Supplied information:
-----
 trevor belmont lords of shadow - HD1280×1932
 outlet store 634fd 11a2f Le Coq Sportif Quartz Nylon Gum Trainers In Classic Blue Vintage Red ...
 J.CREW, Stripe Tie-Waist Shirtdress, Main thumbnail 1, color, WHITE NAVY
-----
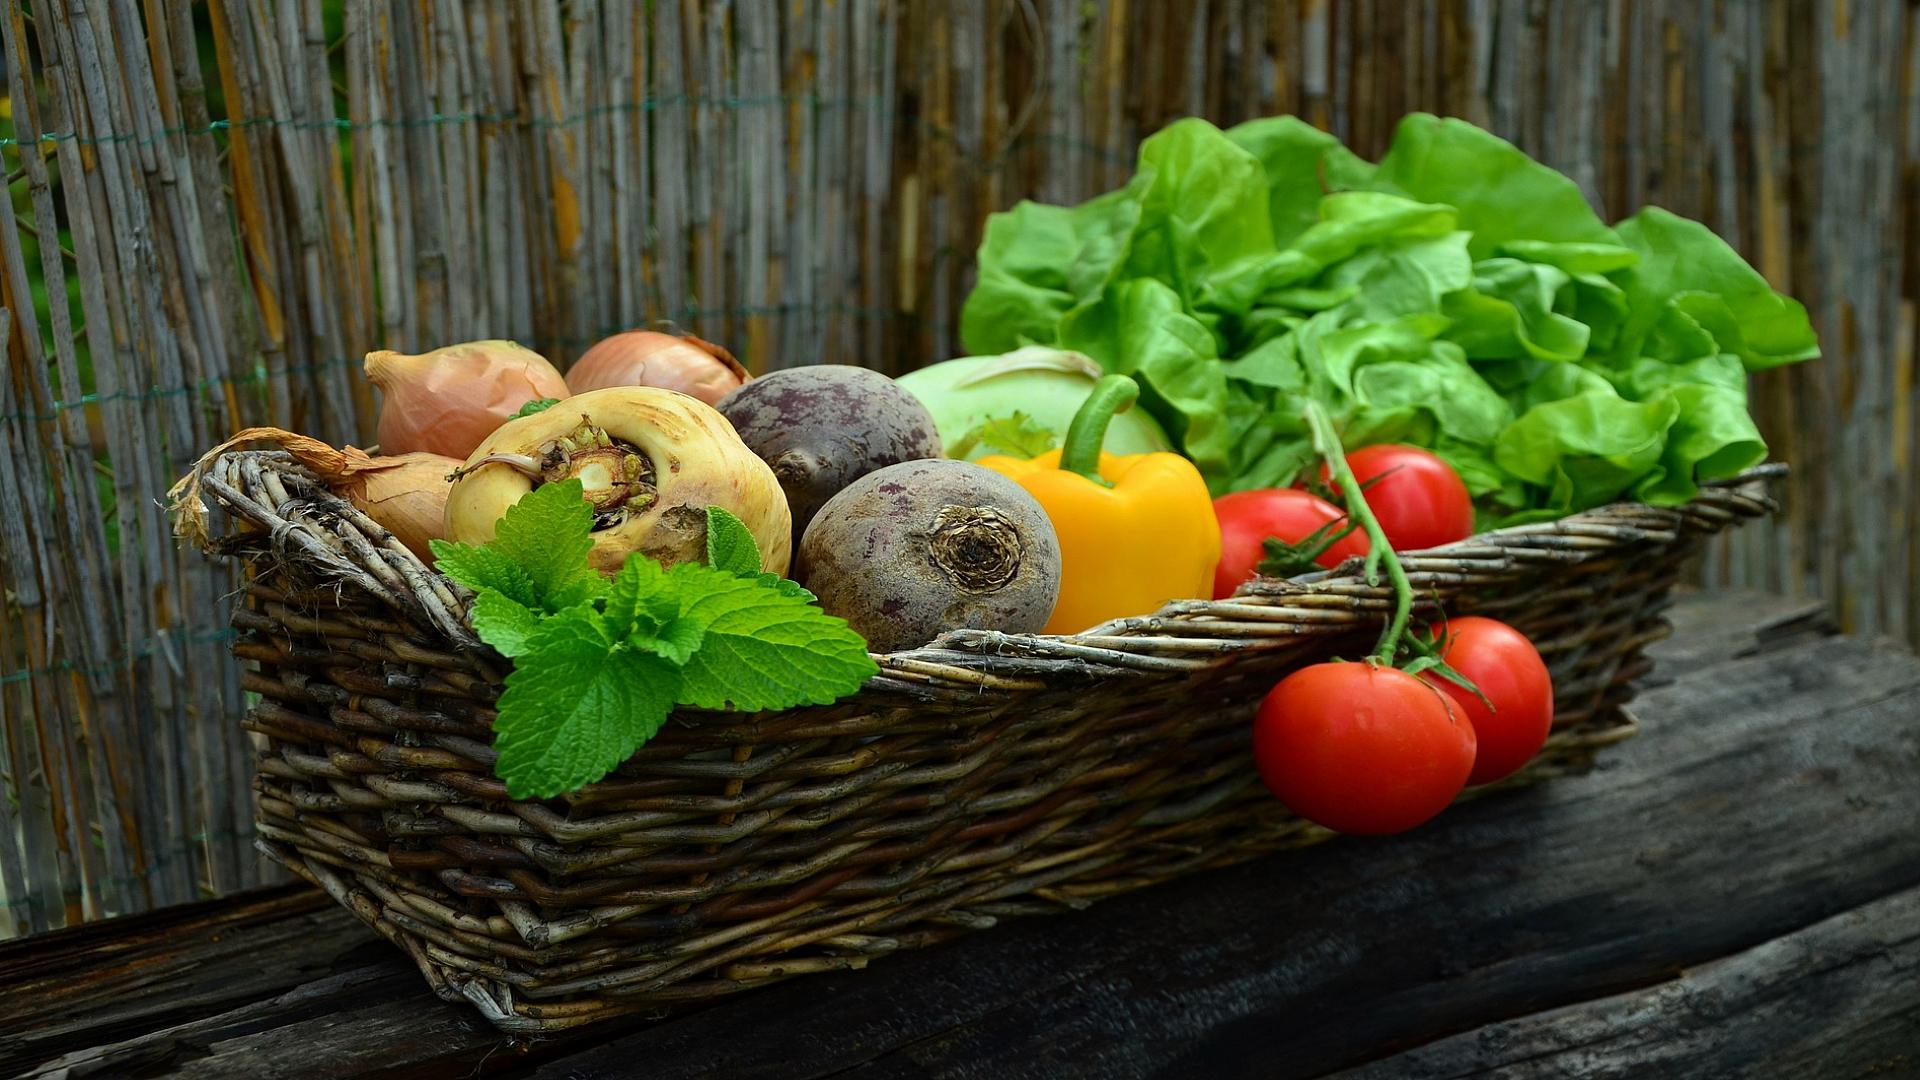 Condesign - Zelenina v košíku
-----
Exercise aim:
Above are the records; from them, give again exactly the lines from the one containing "trevor belmont lords of shadow - HD1280×1932" to the one containing "J.CREW, Stripe Tie-Waist", both lines included, and nothing more.

Task response:
 trevor belmont lords of shadow - HD1280×1932
 outlet store 634fd 11a2f Le Coq Sportif Quartz Nylon Gum Trainers In Classic Blue Vintage Red ...
 J.CREW, Stripe Tie-Waist Shirtdress, Main thumbnail 1, color, WHITE NAVY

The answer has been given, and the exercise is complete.